In August 1999, Vanessa Rogers was a 16-year-old athlete who had just been named the MVP of her high school basketball team. Then her life changed forever.
While driving home from a wedding with her sister, the car Rogers was in lost control and rolled. The roof crumpled, glass cut into her head and her neck “folded like an accordion.”
Rogers was immediately rushed to intensive care. Despite a successful operation, all tests showed a zero percent chance of ever walking again. The most optimistic prognosis she was given was a 50 percent chance of ever being able to feed herself again.
“When they told me I was a quadriplegic, my whole world collapsed,” Rogers said. “Everything was taken away from me. I’d gone from being this really athletic girl to having no control over my body.”
Rogers refused to be defeated. After two-and-a-half months, she was showing signs of progress and was determined to beat seemingly impossible odds.
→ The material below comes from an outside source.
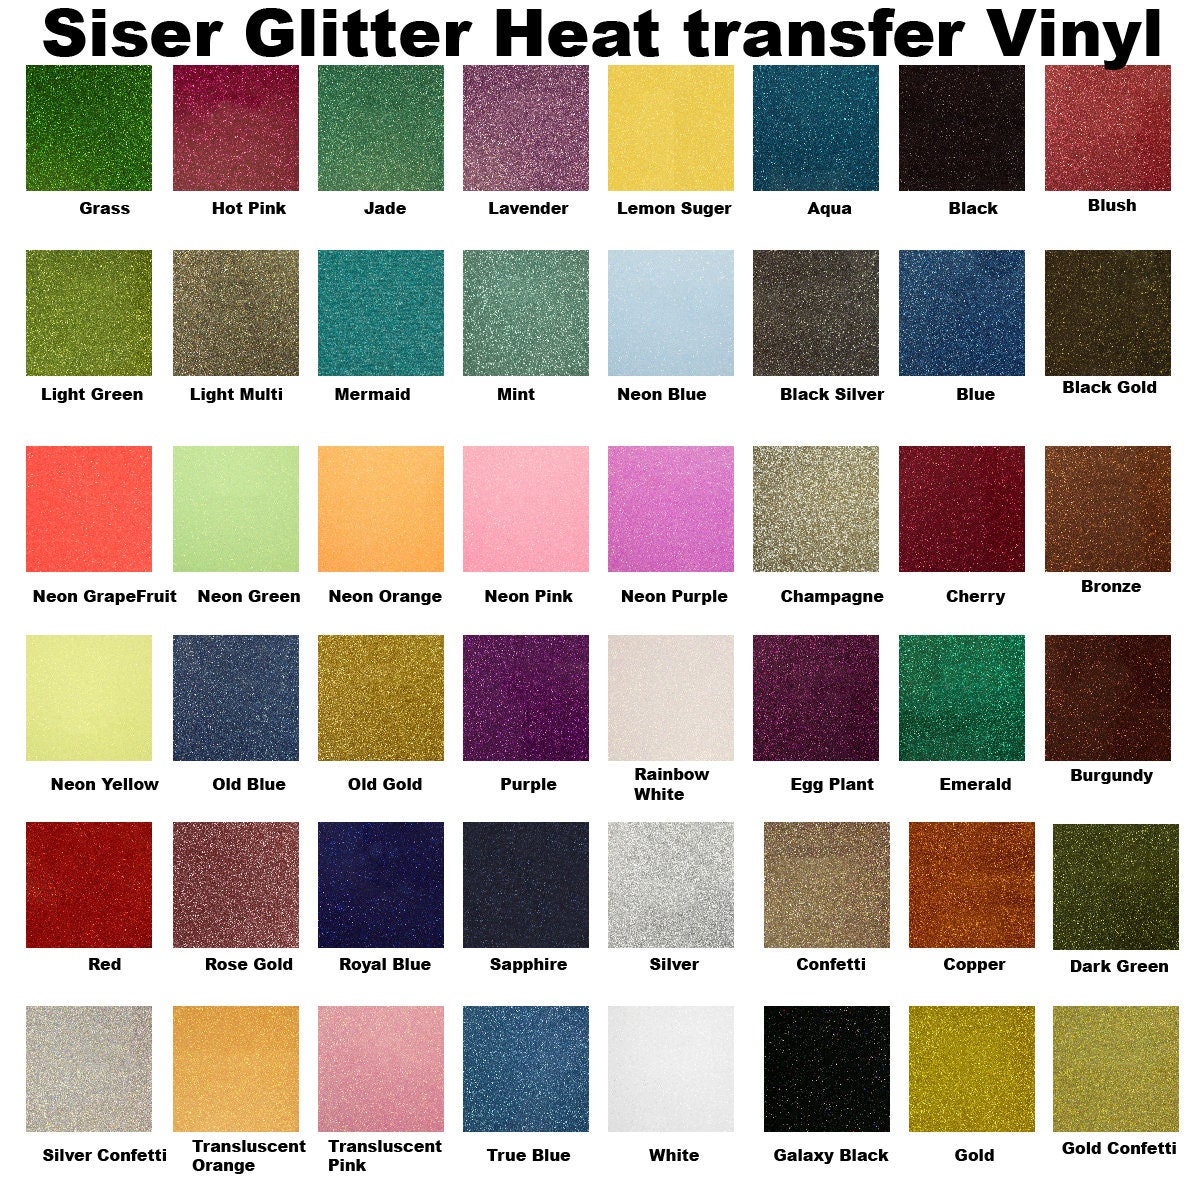  Siser Glitter HTV 20 x 12 Sheet - Iron on Heat Transfer Vinyl  (Old Gold) : Arts, Crafts & Sewing
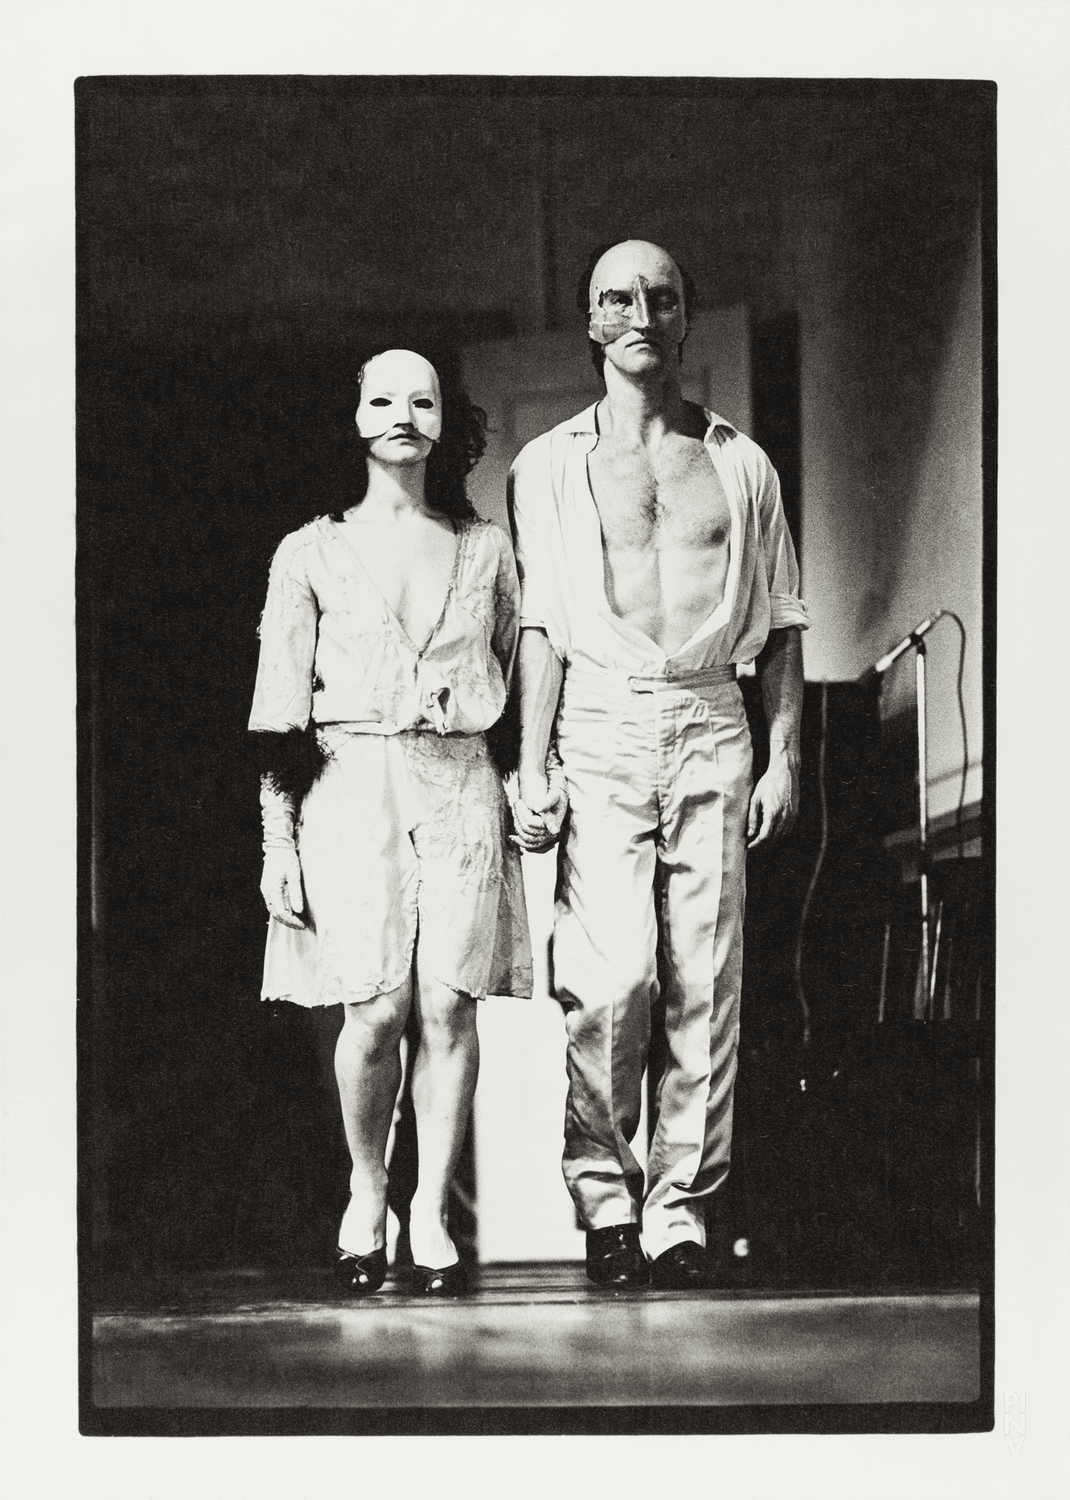 Fernando Cortizo and Beatrice Libonati in “Kontakthof” by Pina Bausch

At the advice of her mom, bodybuilder Delphene Balan, Rogers took up bodybuilding in 2012.
Rogers now works out twice a day and, instead of completely relying on others as doctors predicted, she depends only on her walking stick.
She has competed in five competitions, even finishing third in her first event. She also appeared at the 2015 Arnold Classic.
“After what I survived, I want to make the most of every day,” Rogers said. “I know that a disc could slip and I’m stuck as a vegetable again. Because of that, I make no excuses.”